Crystal: [RFC] Let symbols and enums be comparable

Created on 22 Mar 2020  Â·  19Comments  Â·  Source: crystal-lang/crystal

Right now we have autocasting of enums to symbols, and that's great!

enum Color
  Red
  Green
  Blue

def show(color : Color)
  puts color
end

# This works!
show :red

However, it can lead to confusion because you can't actually compare enum to symbols:

Color::Red == :red # => false

Also, you have to remember to use the question method, otherwise you'll have bugs:

color = Color::Red
case color
when :red # Oops!
end

You need to do:

color = Color::Red
case color
when .red? # Okay!
end

What if we make Enum and Symbol comparable?

Pros:

  • You can use symbol or question method interchangeably
  • It will be used in exhaustiveness check if we implement it
    Cons:
  • It _might_ lead to unions of enums and symbols, but I don't expect that to happen because a symbol can't be assigned to an enum, it can only be compared against it

A naive implementation can be:

struct Enum
  def ==(other : Symbol)
    to_s.underscore == other.to_s.underscore
  end
end

struct Symbol
  def ==(other : Enum)
    other == self
  end
end

In a benchmark that's like 150 times more expensive.

However, we can easily represent the underscore representation of an enum member with macros, avoiding one runtime "underscore", and then we could have a table of symbol => underscore, similar to the one we only have for symbol => to_s, which would make comparing things really fast. I quickly benchmarked just comparing the to_s representation and it's just 1.6x times slower.

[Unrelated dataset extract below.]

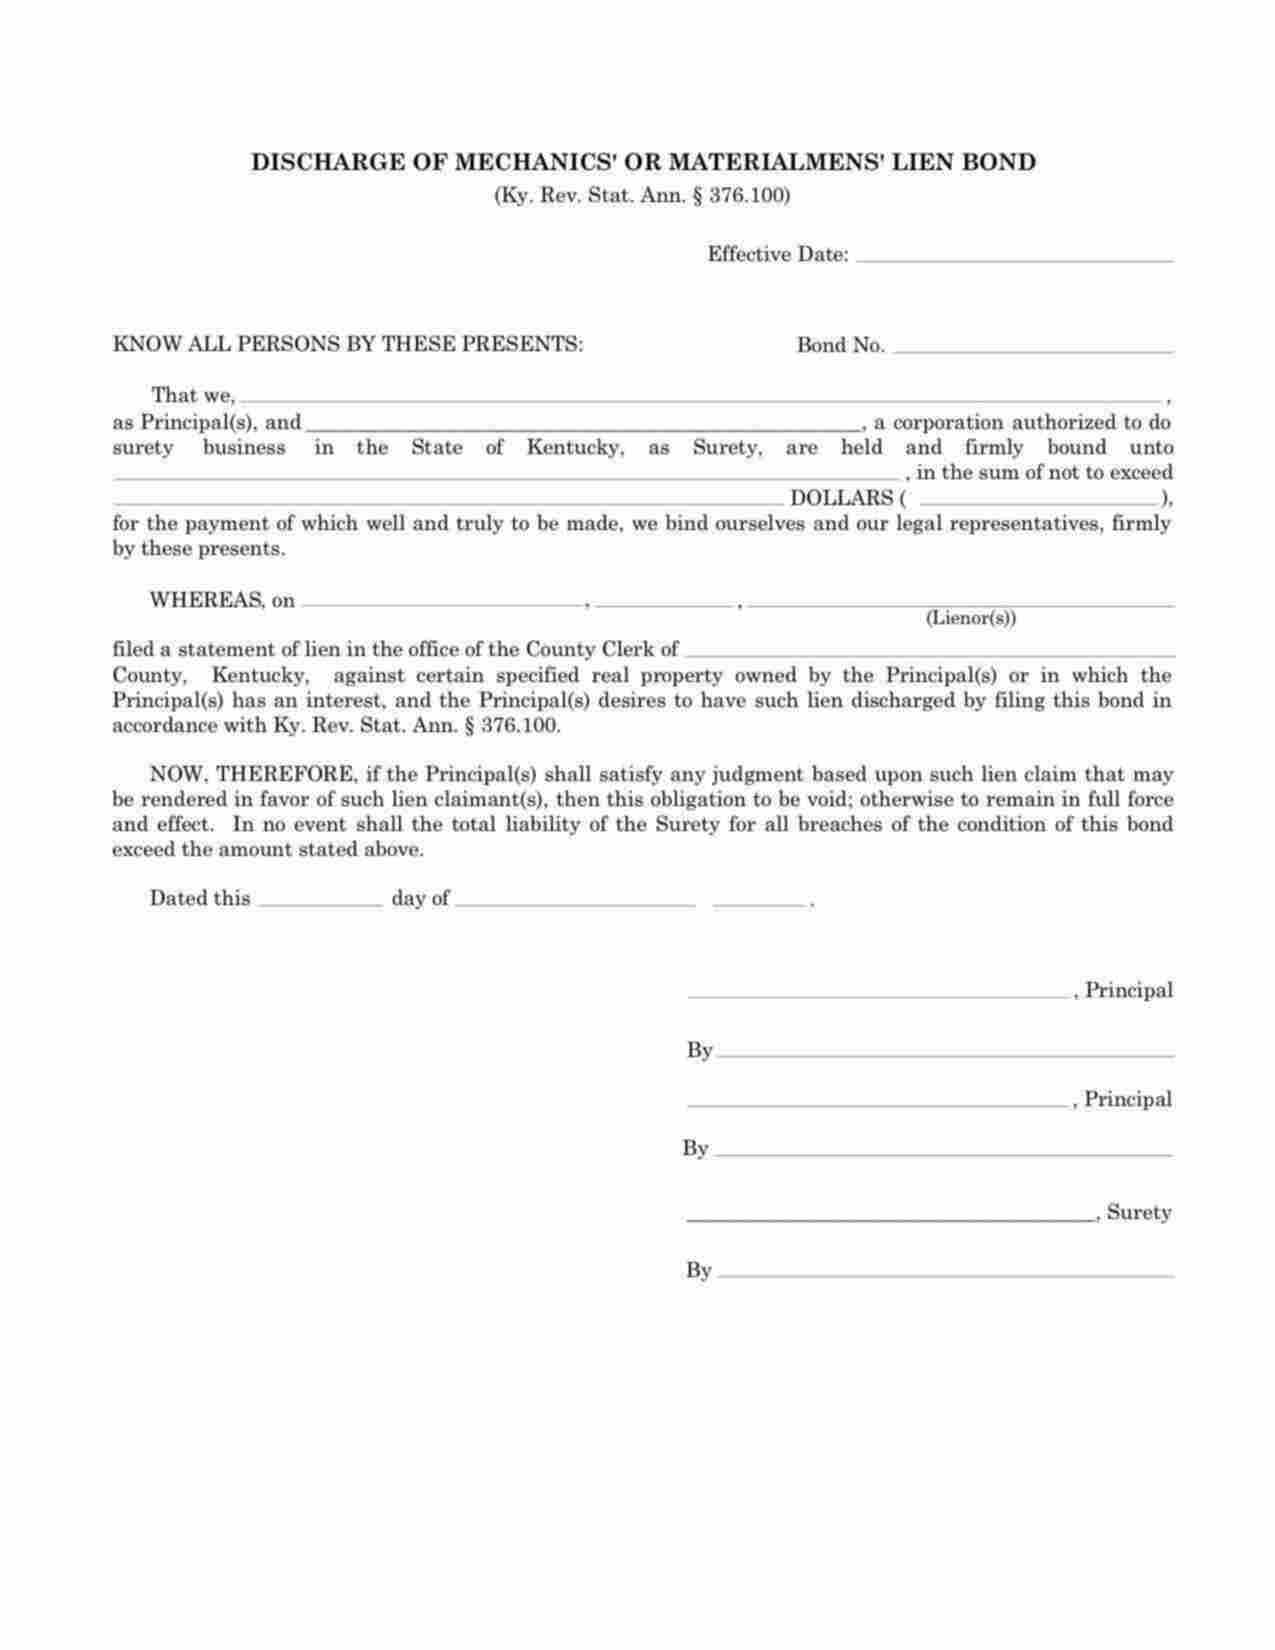 Kentucky Discharge of Mechanics Lien Bond Form

However, we could also have all the literal strings in a same pool of strings and we could compare them with same?, which leads to the same performance as comparing enums vs. enums.

We can, however, start with the naive implementation and later, even after 1.0, make it work much faster.

I'm still not entirely convinced this is a good idea.

What do you think?

discussion stdlib

Most helpful comment

I'd still prefer removing symbols, we've already done some pre-work on removing usages from the stdlib.

All 19 comments

I'd still prefer removing symbols, we've already done some pre-work on removing usages from the stdlib.

If the use case is to allow then in the when statements, I would say we could add autocasting there when the type of the cond is an enum. Same rule as in method dispatch.

I guess, if the condition is a symbol literal, we can rewrite it like this:

case cond
when :symbol
end

would be rewritten to:

if (cond.is_a?(Enum) && cond.is?(:symbol)) || cond == :symbol
end

We'll need to add Enum#is?, but that's it.

That's at least the simplest way to make it work right now, that's also efficient.

Eventually we can delay expanding case until the type of cond is stable, and then we can do a simpler (but same efficiency) check. But it can be done after 1.0.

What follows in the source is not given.